There has been a growing and justifiable concern about young people’s use of cellphones, particularly as the conduit to addictive social media platforms and websites.
America’s surgeon general has called on Congress to require warning labels on social media platforms, saying they are responsible for significant and growing mental health issues with adolescents. Even if one believes those concerns are overblown, it’s hard to dispute that cellphones are — for all ages — a distraction, that they impede face-to-face interaction and that they are hard to compete with for attention.
For all of these reasons, there is a movement among state governments to restrict or ban the use of cellphones by students in public schools. At least 15 states have done so already, and Mississippi is thinking about joining them.
Last month, a Senate task force appointed by Lt. Gov. Delbert Hosemann took the issue up as part of its overall study of what lawmakers might do to address several mental health concerns.
Whether school districts really need a push from the Legislatures, though, is debatable. Many of them, I suspect, have already adopted cellphone bans or restrictions, or are leaning that way.
Curious what local schools might be doing, I made a couple of inquiries.
The Greenwood Leflore Consolidated School District has a highly restrictive policy. Students are forbidden from bringing cellphones or any similar electronic devices on school campuses. Also teachers are forbidden from using cellphones during class time.
Pillow Academy, as a private school, would not be covered by any legislative mandate. Still, it has been trying to find the right balance with the ubiquitous gadget.
Having tried different approaches, the school has gravitated toward being more restrictive. Although it allows students to have a cellphone in their possession, the rule is the devices are not to be used in classrooms or any other indoor areas without teacher permission.
“Our policy is to protect the integrity of the classroom,” said Barrett Donahoe, Pillow’s head of school.
Pillow experimented with allowing students, when not in class, to use their cellphones in common areas, such as during lunchtime in the cafeteria.
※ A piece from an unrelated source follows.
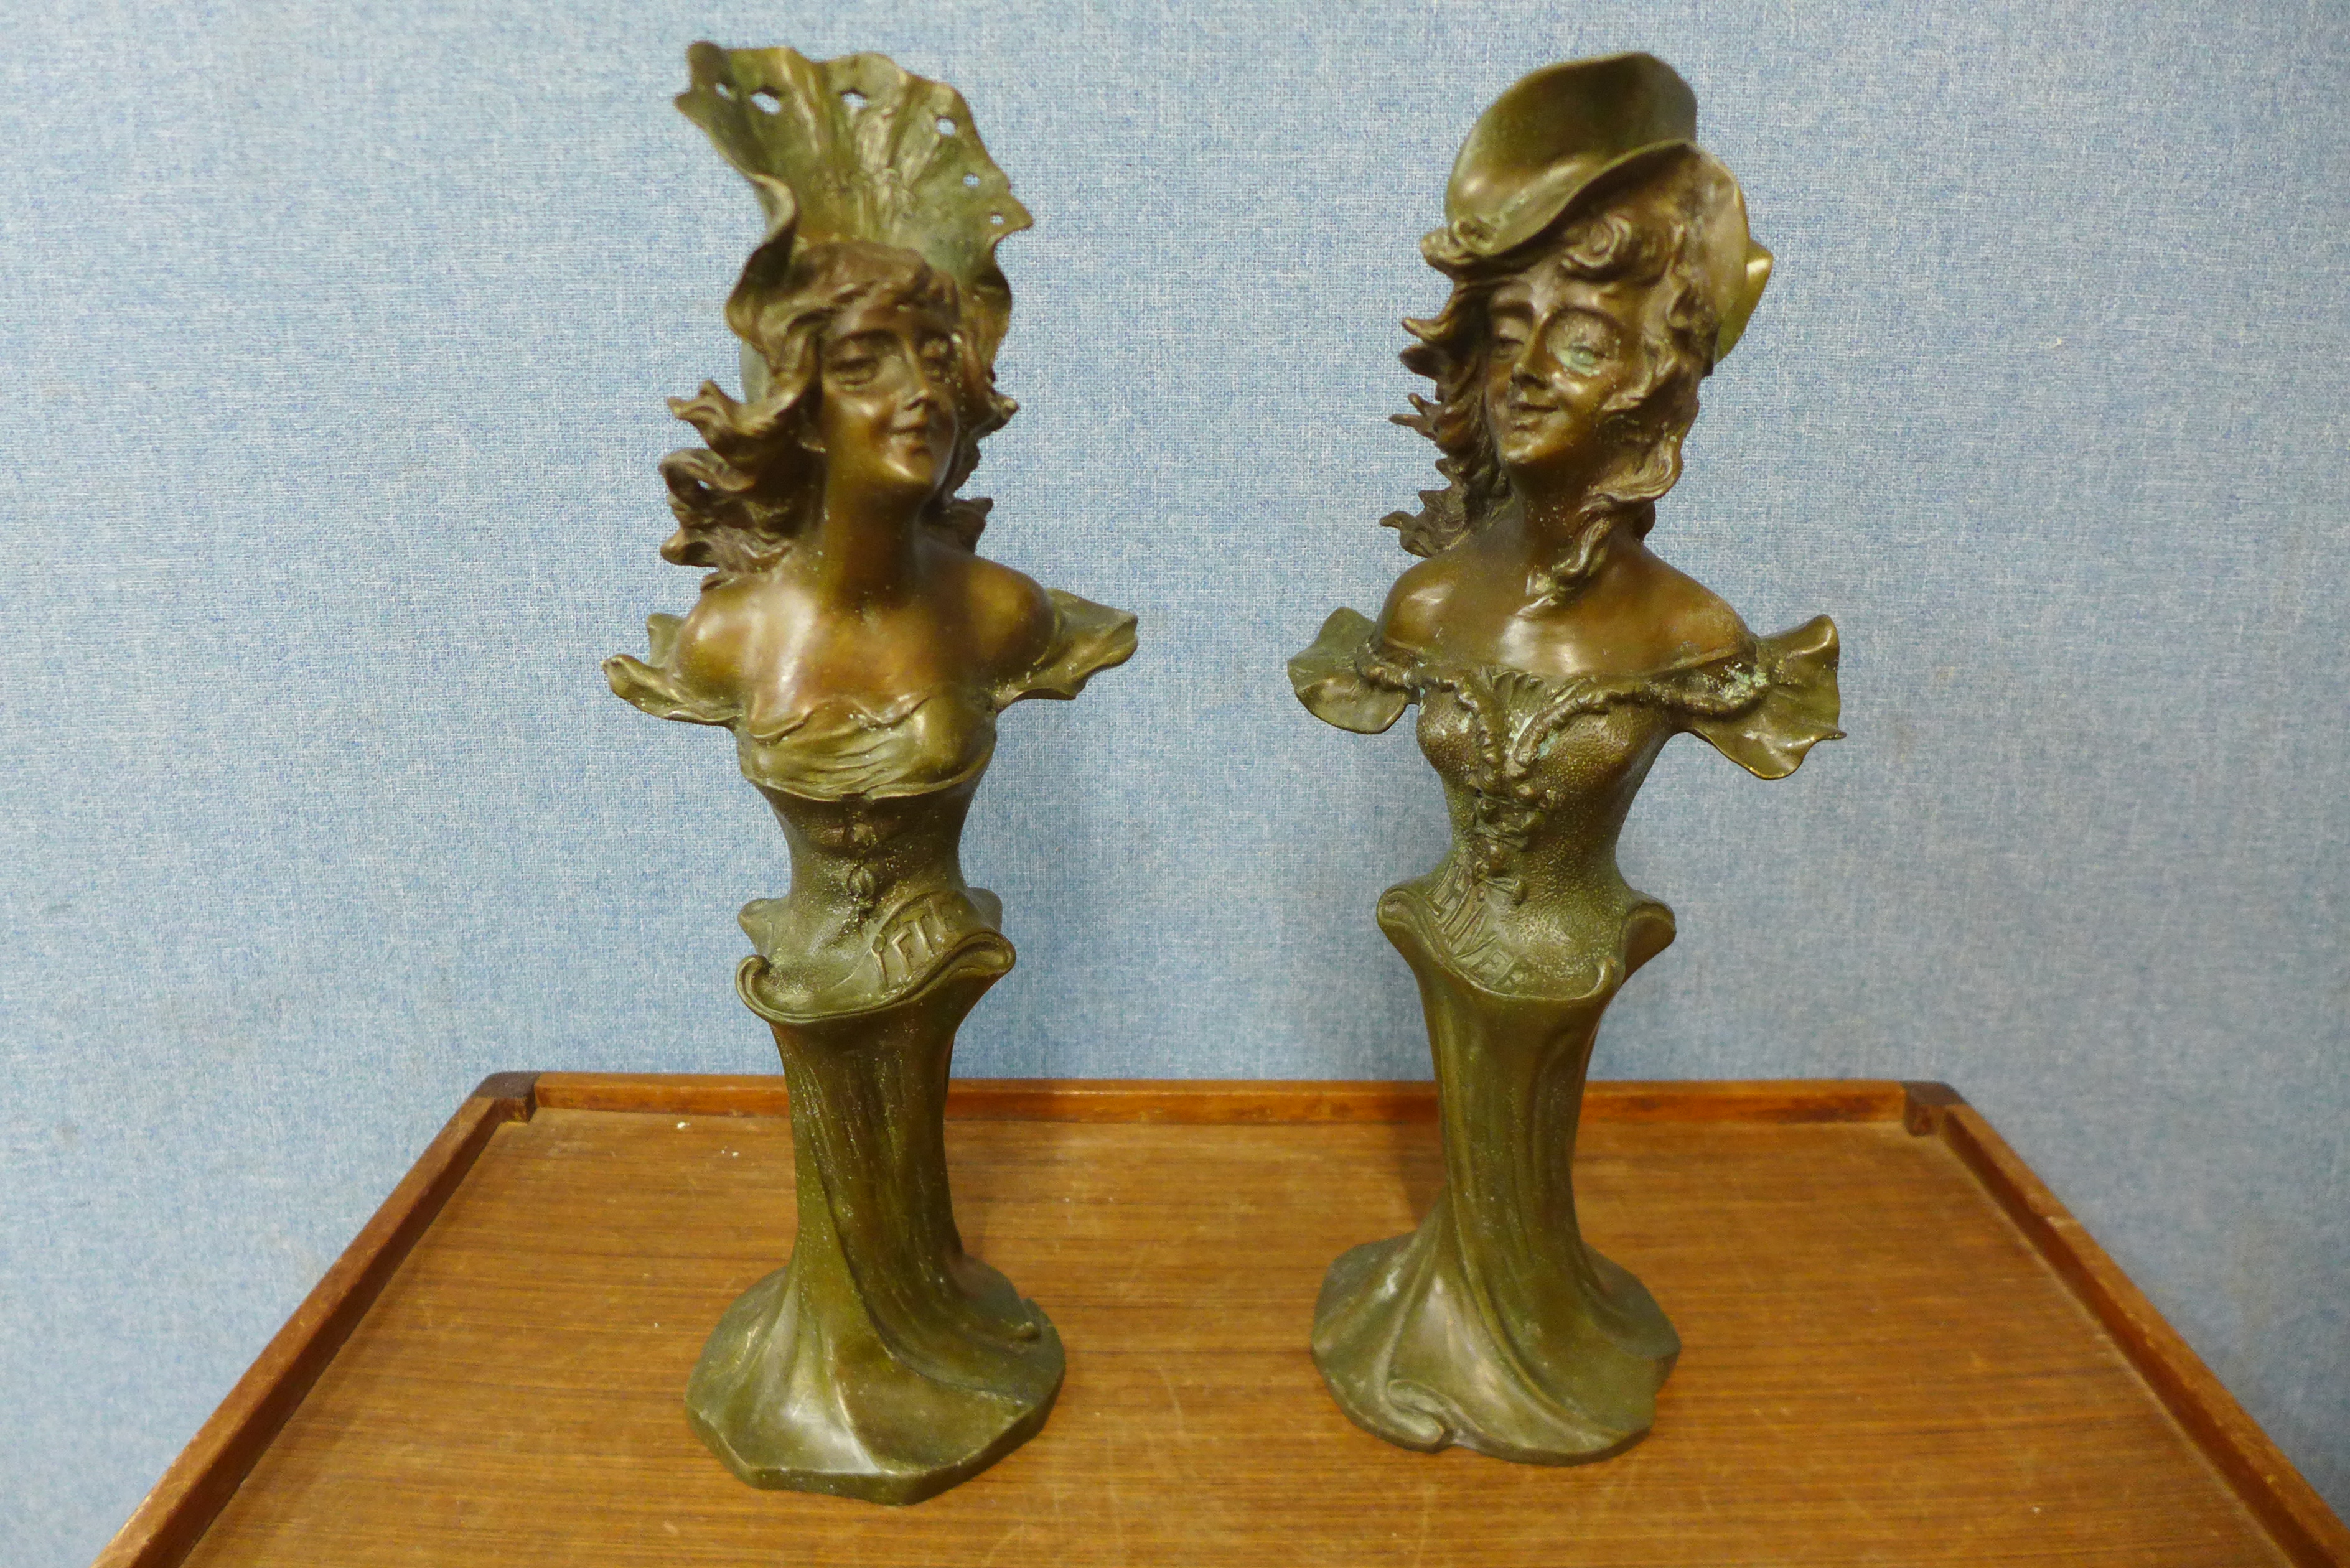 A pair of Art Nouveau style bronze busts, 45cms h

But this fall, it decided to revert to an all-indoor ban because the staff felt that the students were not interacting enough among themselves when they had their phones out.
“We wanted them to be more active in socially interacting rather than interacting on cellphones and things of that nature,” Donahoe said.
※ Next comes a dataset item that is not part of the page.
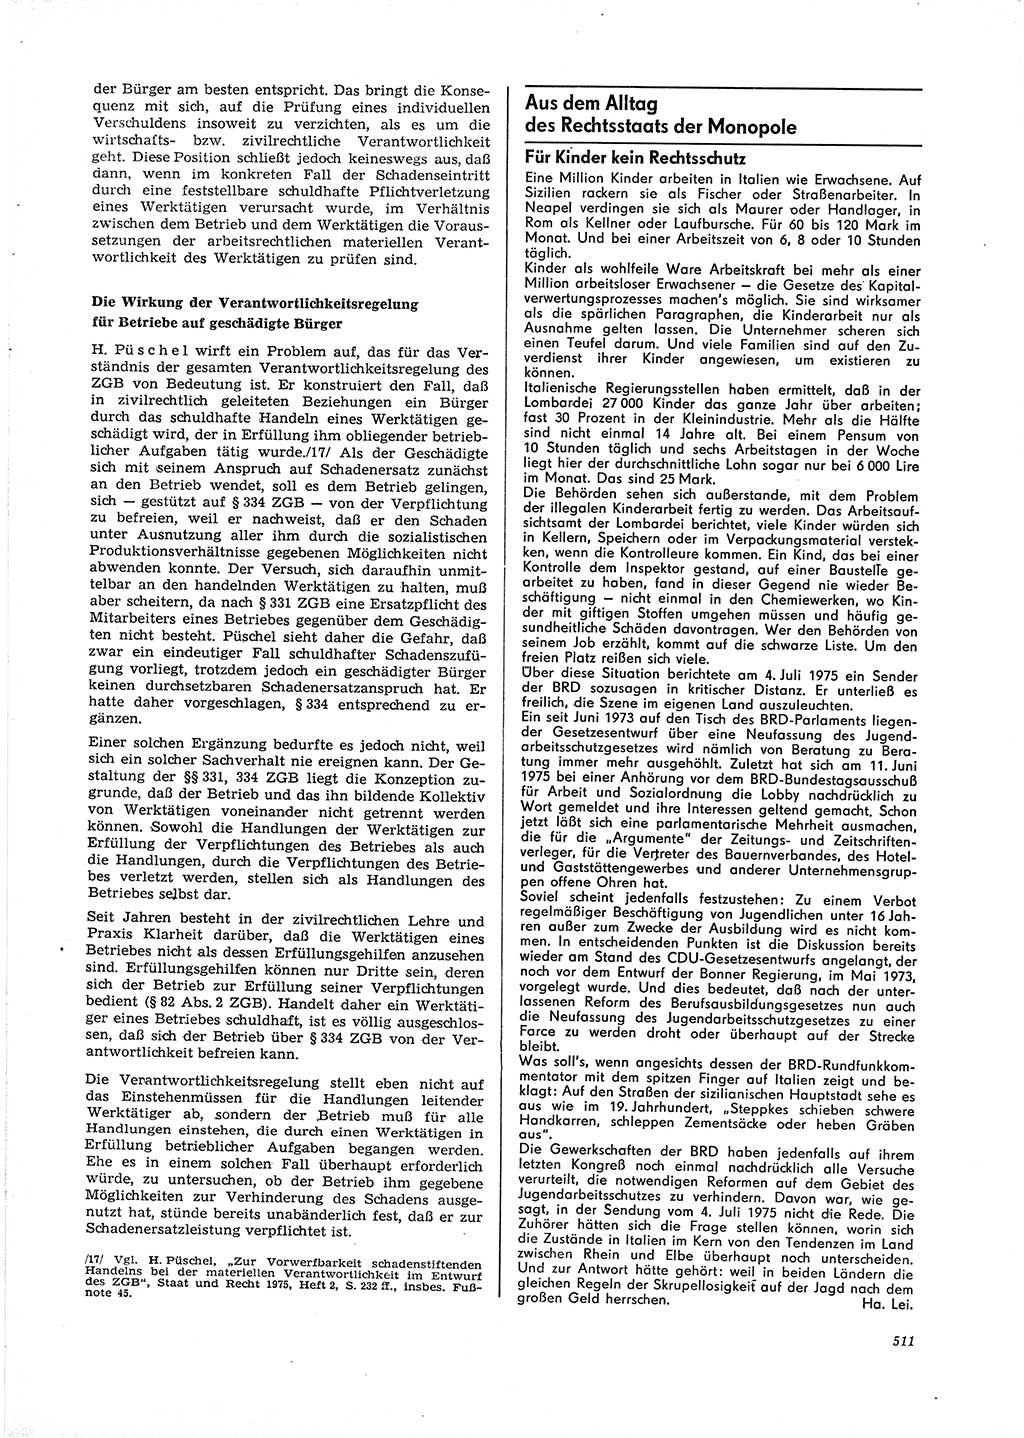 Neue Justiz (NJ), Zeitschrift für Recht und Rechtswissenschaft [Deutsche Demokratische Republik (DDR)], 29. Jahrgang 1975, Seite 511 (NJ DDR 1975, S. 511)

An old-school form of communication, a book, has been influential in sparking the more recent discussion among parents, educators and legislators about the dangers of smartphones and social media on developing brains and psyches.
The thesis of “The Anxious Generation,” written by social psychologist Jonathan Haidt and published earlier this year, is that a “phone-based childhood” is severely detrimental to a child’s development, mental health and happiness.
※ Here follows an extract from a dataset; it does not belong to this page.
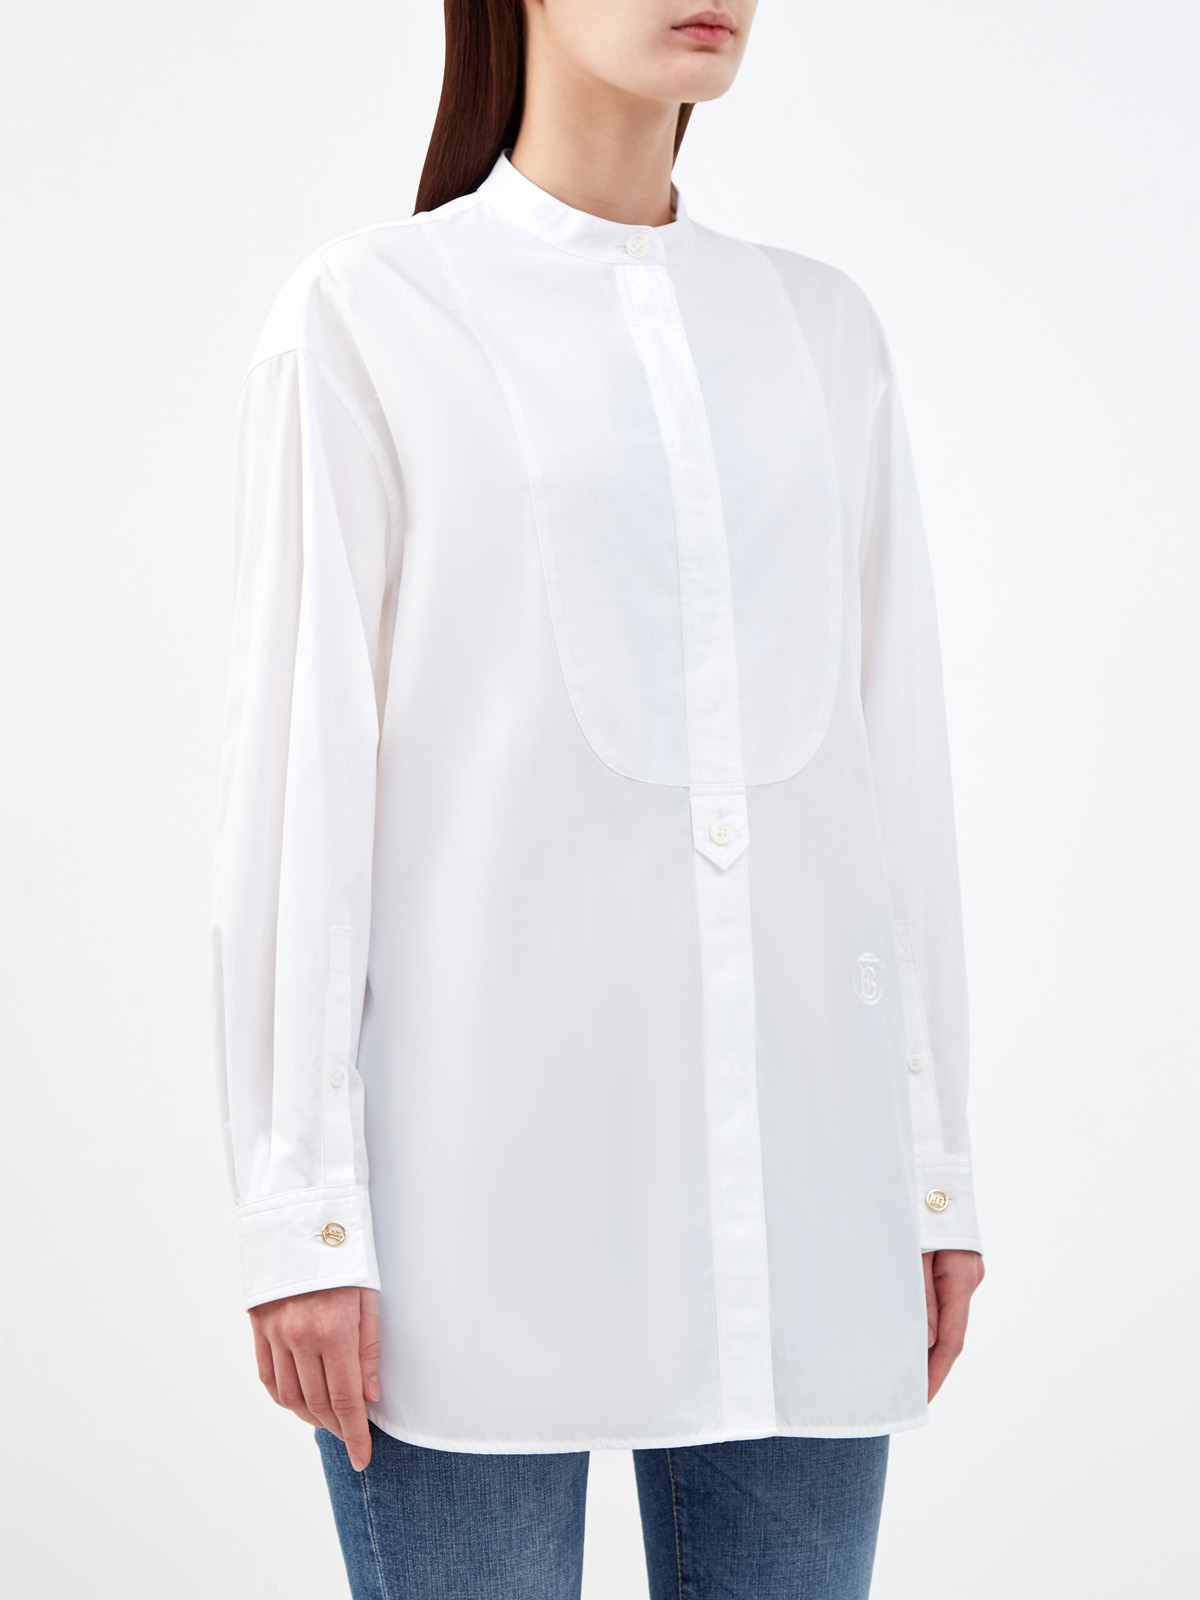 Объемная рубашка из капсульной коллекции Future Heritage с монограммой BURBERRY, цвет белый, размер S;L;XL;2XL;M - фото 3

My daughter, Elizabeth, sent me a copy of the book this past summer. The private school in Nashville that her two oldest children attend has asked its parents to read it. The school is planning to hold discussion sessions about the warnings Haidt raises and the recommendations he makes to protect children from tech companies, whose business model — like that of Big Tobacco in the bad old days — is to hook people on their products before they have fully developed reasoning powers.
I haven’t had a chance to get much past the first few pages of Haidt’s book, but its jacket is intriguing. It says that he contends childhood has been rewired from one that was heavily rooted in play to one that revolves around smartphones. The transformation “has interfered with children’s social and neurological development,” producing maladies ranging from “sleep deprivation to attention fragmentation, addiction, loneliness, social contagion, social comparison, and perfectionism.”
School restrictions on cellphone use may help combat some of these negative consequences, but as with most areas of children’s development, what happens after they leave school has the biggest impact.
It’s at home where the main difficulties lie. Parents aren’t in full agreement on when a child is old enough to have a cellphone, or when and how they should be able to use it. Some think their children should have them in school in case they’re in danger or there’s some other emergency. Some parents use smartphones as pacifiers with their kids. Those families that are more lenient with cellphone usage make it tougher on those trying not to be.
It was hard enough for parents in previous generations to battle with their offspring about watching too much television or playing too many video games. Smartphones are an even greater source of friction because they are that much more powerful, putting instantaneous communication and most all of human knowledge at a person’s fingertips.
I don’t envy this generation of parents trying to figure out what to do about these devices, which are both marvelous and wicked.